12. The anti-phytopathogenic composition of claim 11, wherein the lignin fraction comprises fragments having a weight average molecular weight up to 5,500 Daltons, preferably up to 5,000 Daltons.

13. The anti-phytopathogenic composition of claim 11, wherein the lignin fraction has a polydispersity index of 2 to 6.

14. The anti-phytopathogenic composition of claim 11, comprising the lignin fraction in an amount up to 500 grams per kg of the composition itself, preferably 10-250 grams per kg.

15. The anti-phytopathogenic composition of claim 11, further comprising a solvent selected from water, methanol, ethanol, n-propanol, iso-propanol, n-butanol, isobutanol, allyl alcohol, 1,2-propylene glycol, 1,3-propylene glycol, 1,2-ethylene glycol, polyethylene glycol (PEG), benzyl alcohol, glycerol, DMSO, and mixtures thereof.

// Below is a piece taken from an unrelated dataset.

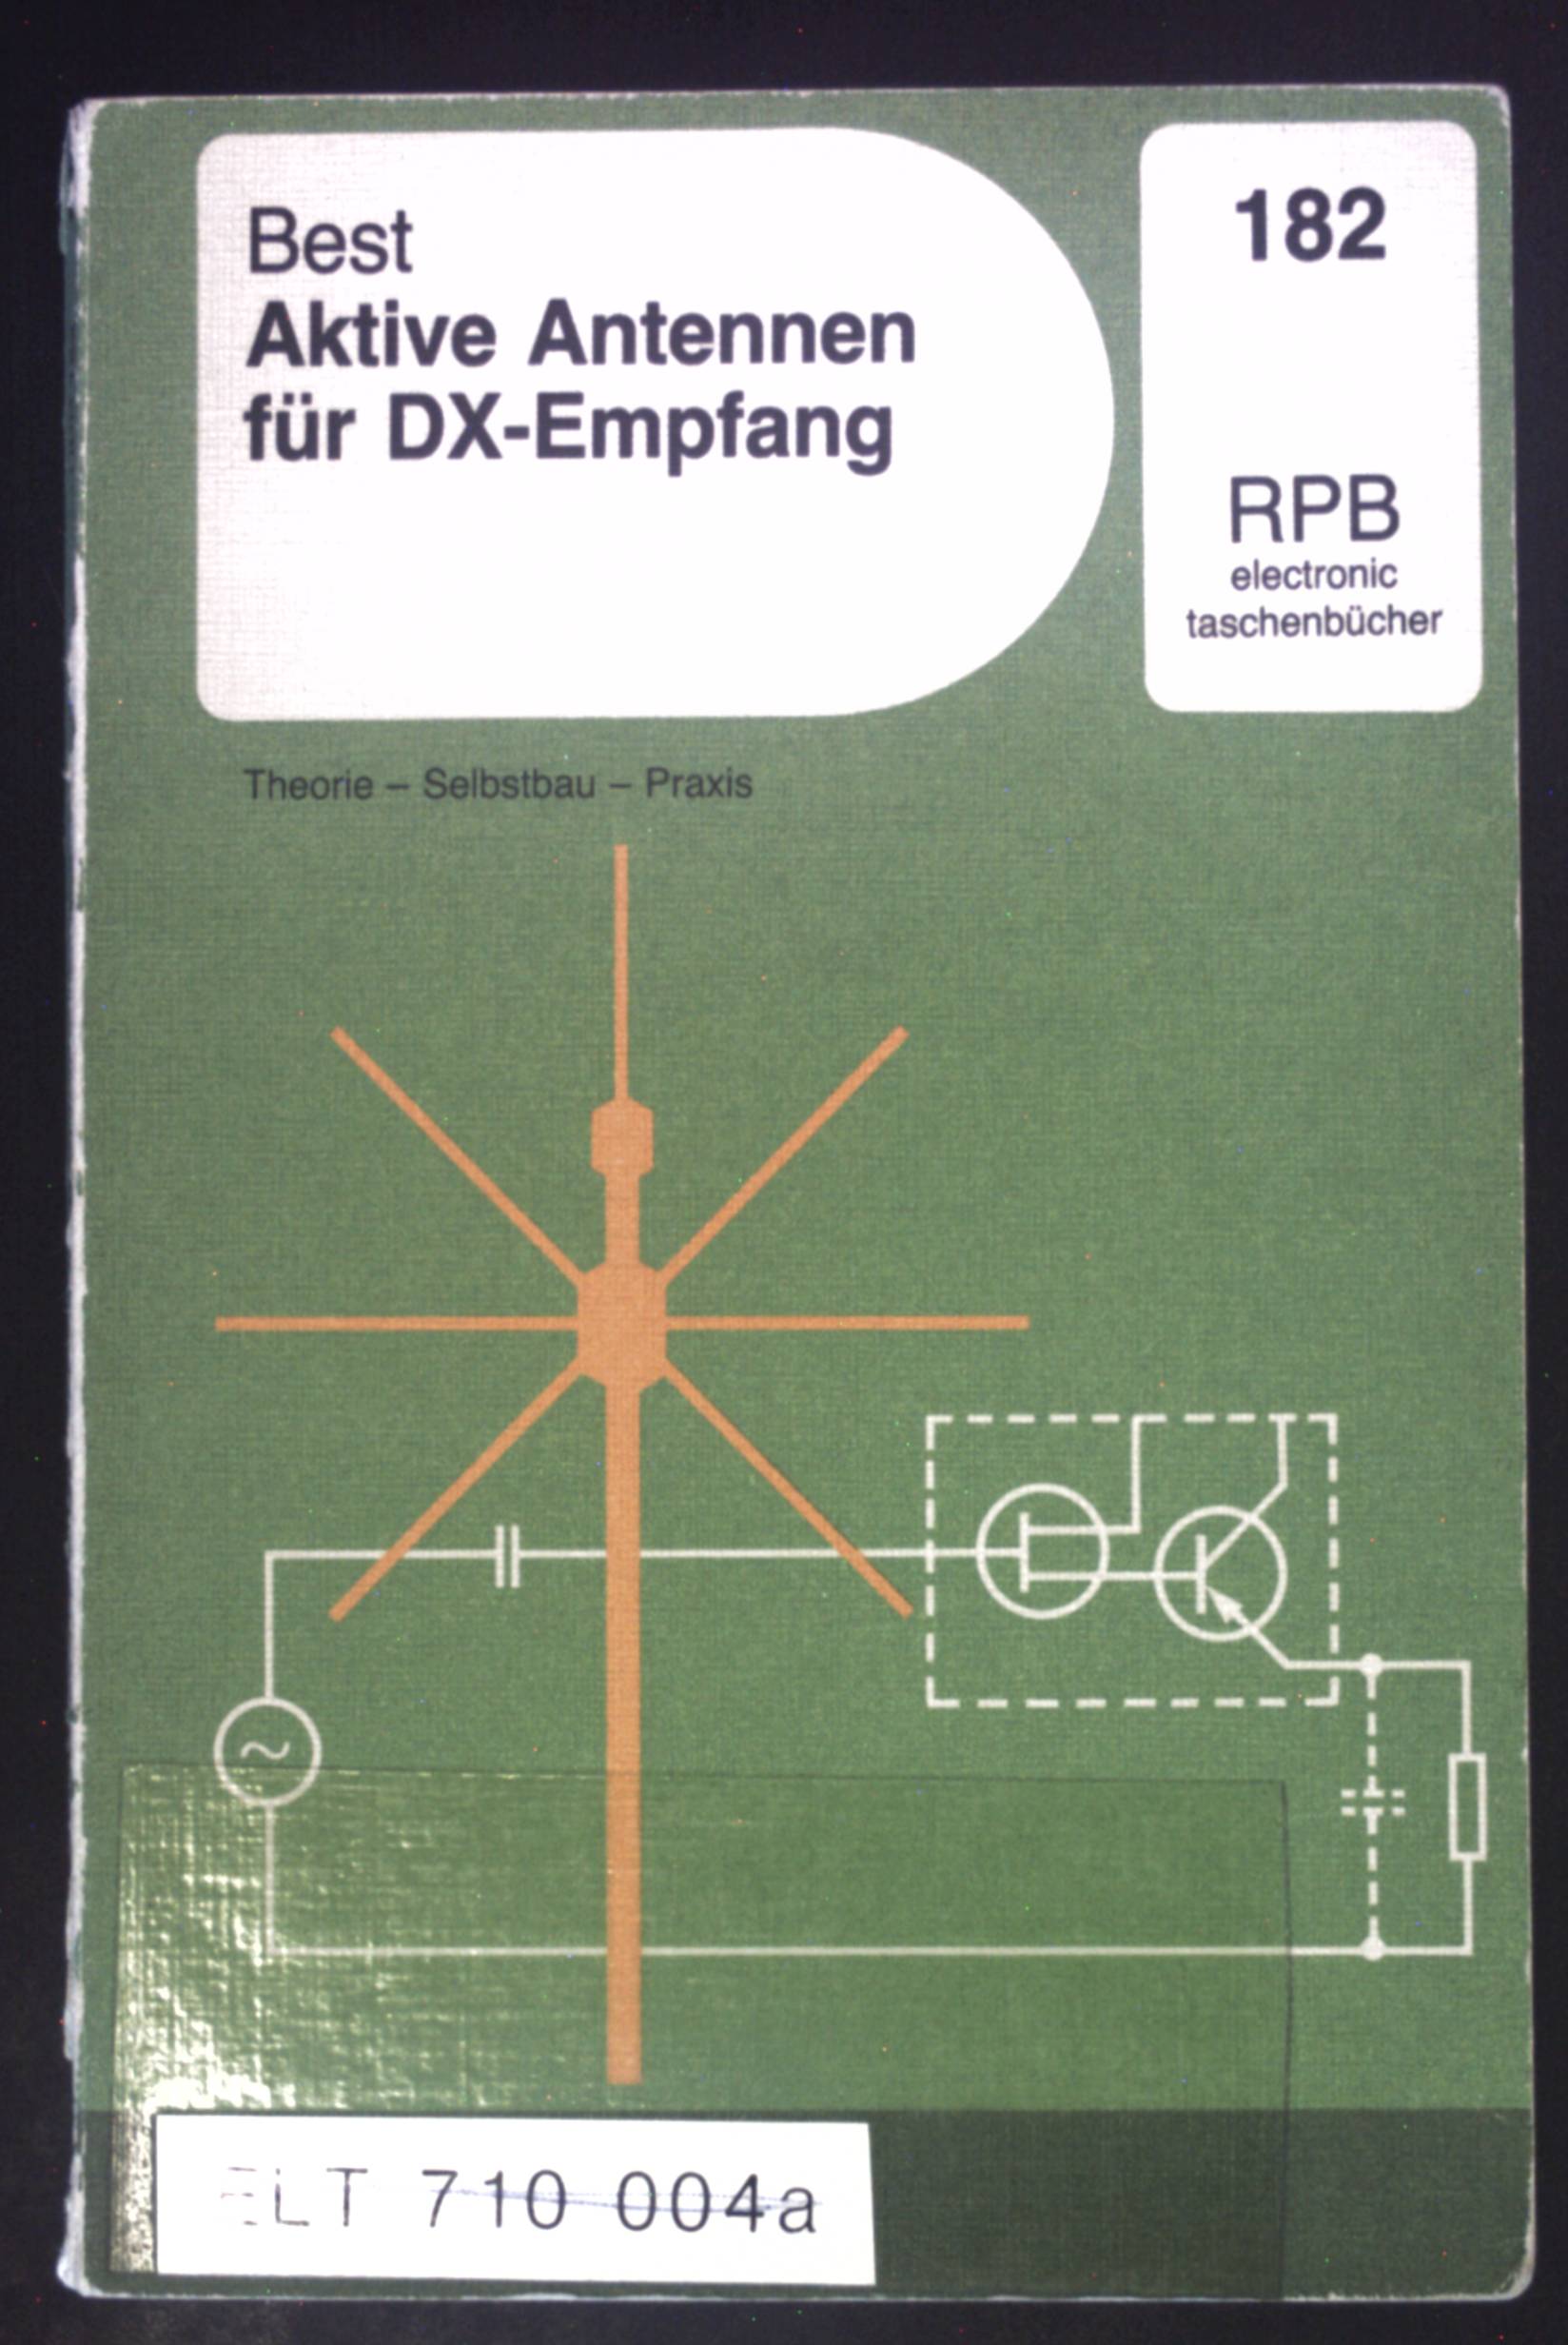 Aktive Antennen für DX-Empfang : Theorie - Selbstbau - Praxis. RPB-electronic-Taschenbücher ; Nr. 182 - Best, Siegfried W.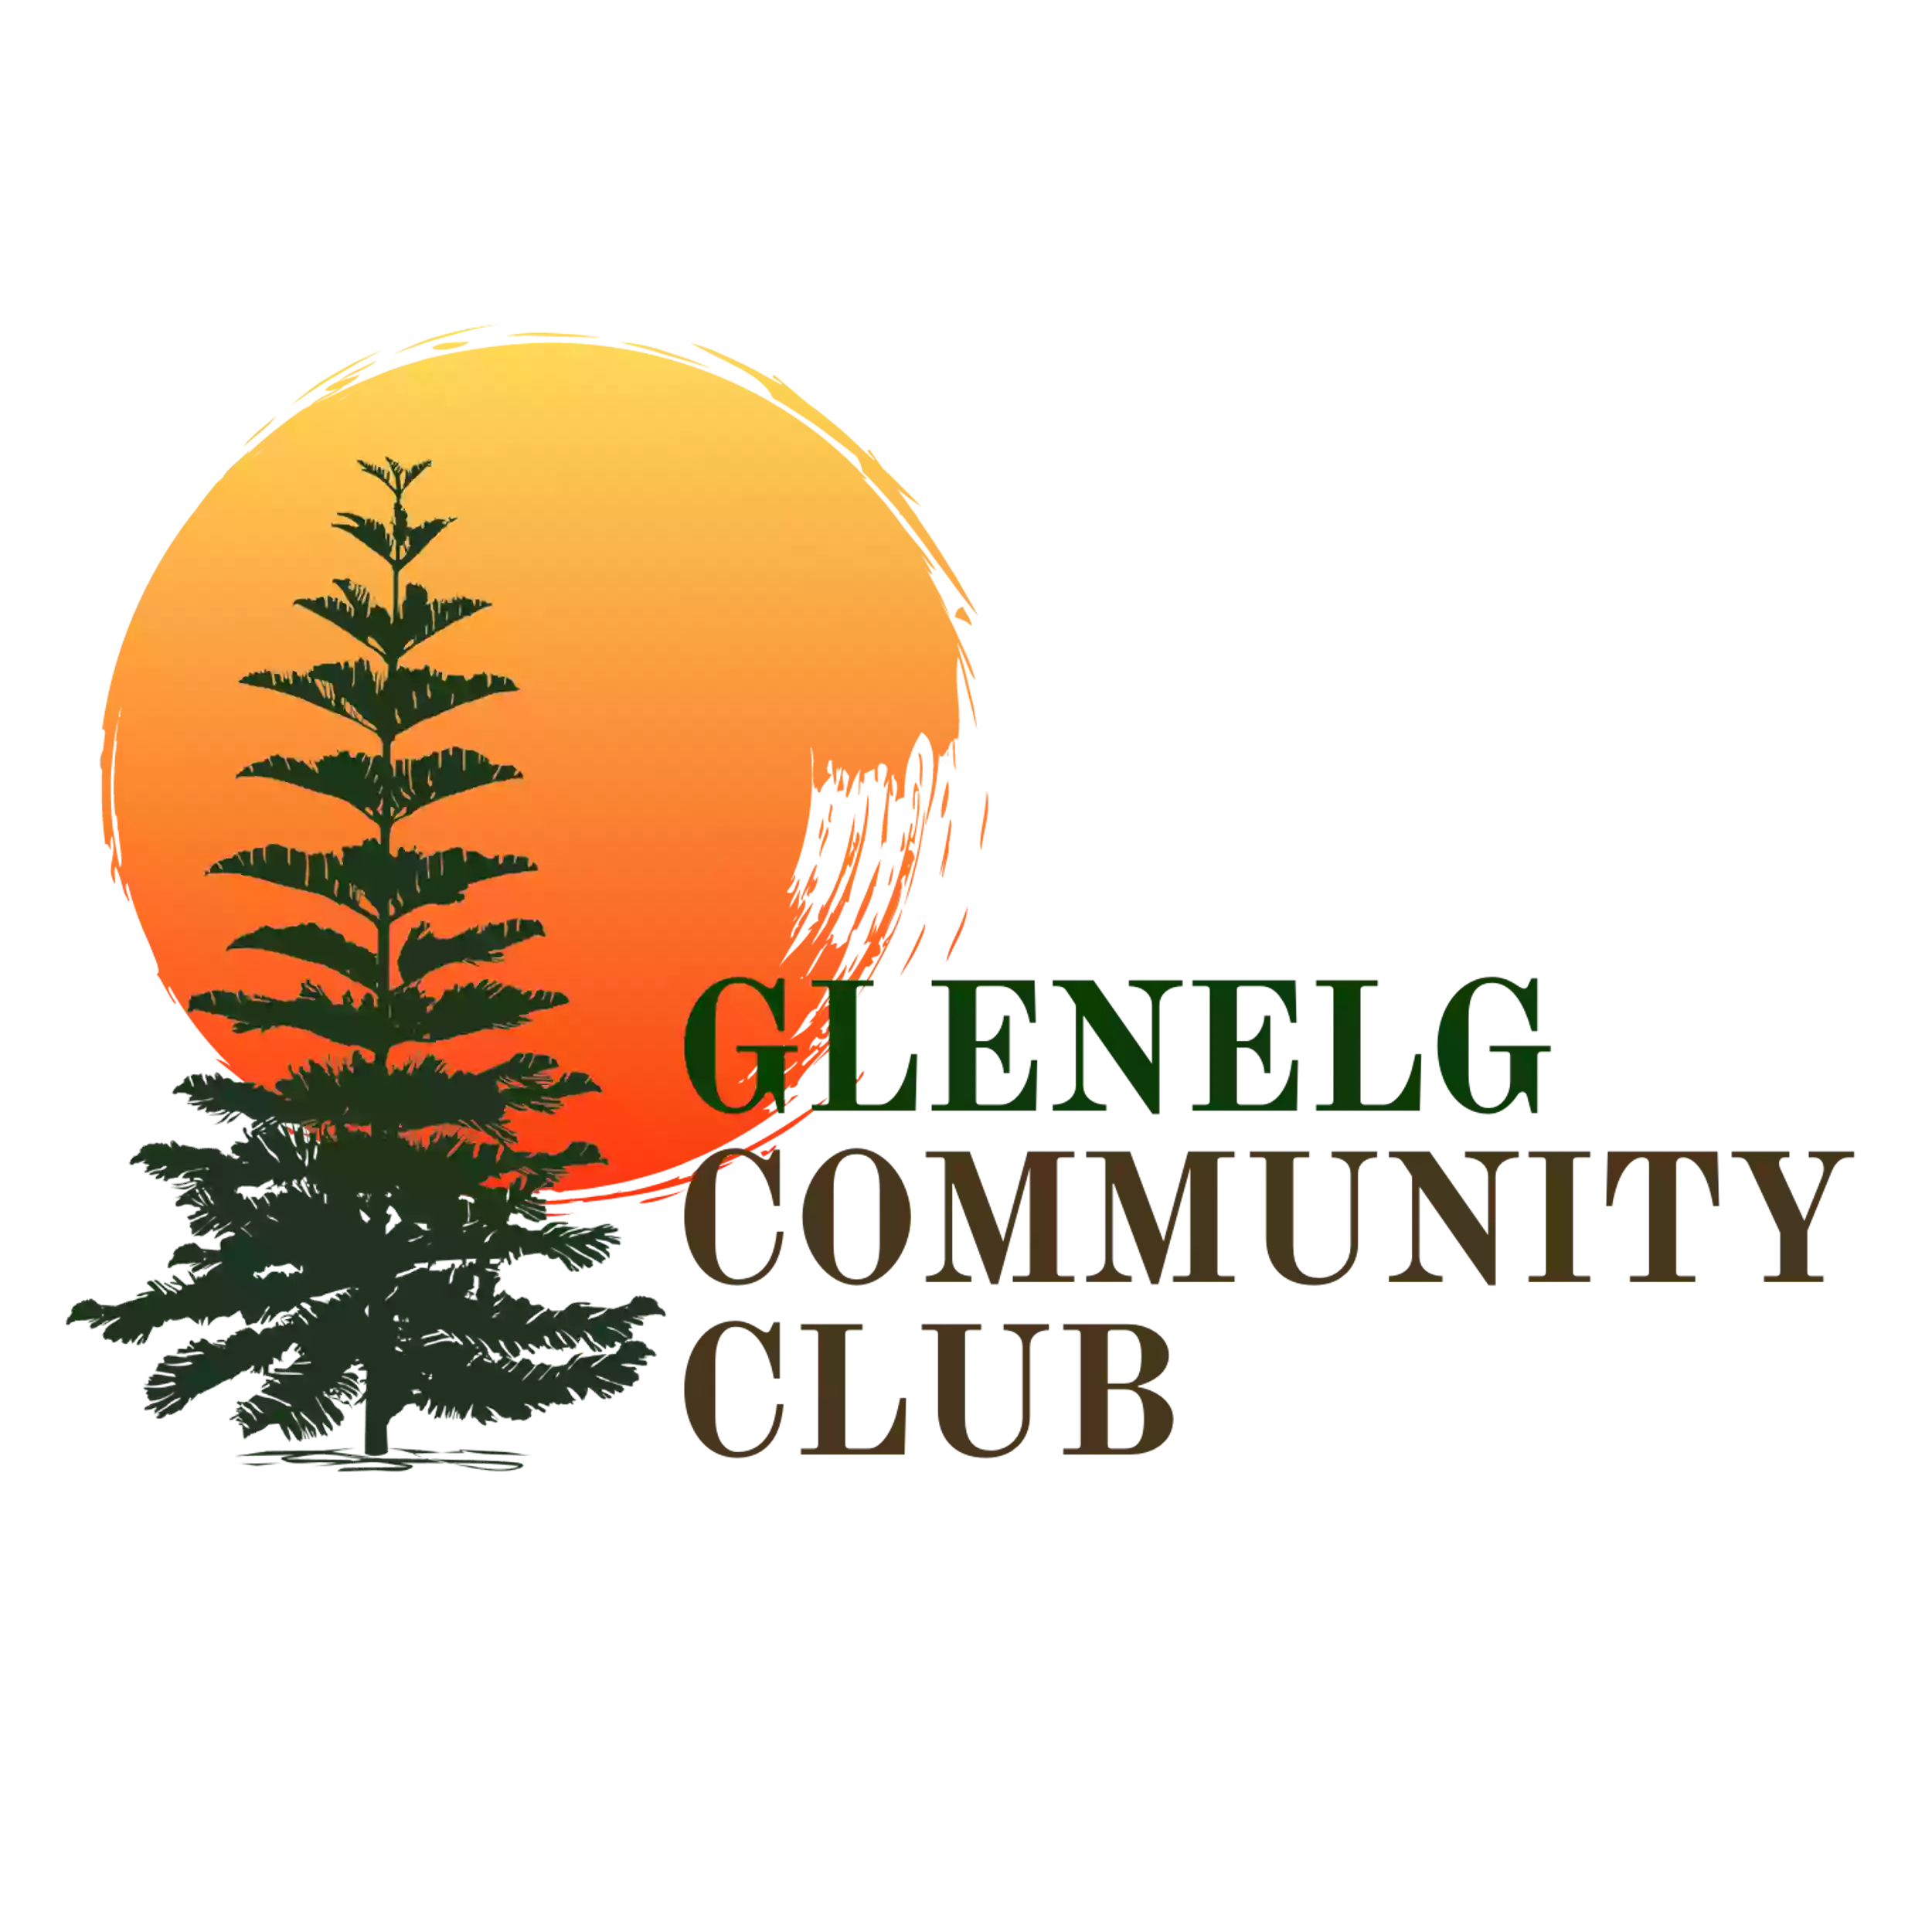 Glenelg Community Club

16. A method of protecting plants against phytopathogens, said method comprising the steps of: a) providing an anti-phytopathogenic composition comprising a lignin fraction as an anti-phytopathogenic agent against a bacterium, fungus, oomycetes, or virus, said lignin fraction comprising fragments having a weight average molecular weight up to 6,000 Daltons, as measured by Size-Exclusion Chromatography, and agro-chemical additives, andb) applying the anti-phytopathogenic composition to a plant or plant soil.

17. The method of claim 16, wherein the lignin fraction comprises fragments having a weight average molecular weight up to 5,500 Daltons, preferably up to 5,000 Daltons.

18. The method of claim 16, wherein the lignin fraction has a polydispersity index of 2 to 6.

19. The method of claim 16, comprising the lignin fraction in an amount up to 500 grams per kg of the composition itself, preferably 10-250 grams per kg.

20. The method of claim 16, wherein the anti-phytopathogenic composition further comprises a solvent selected from water, methanol, ethanol, n-propanol, iso-propanol, n-butanol, isobutanol, allyl alcohol, 1,2-propylene glycol, 1,3-propylene glycol, 1,2-ethylene glycol, polyethylene glycol (PEG), benzyl alcohol, glycerol, DMSO, and mixtures thereof.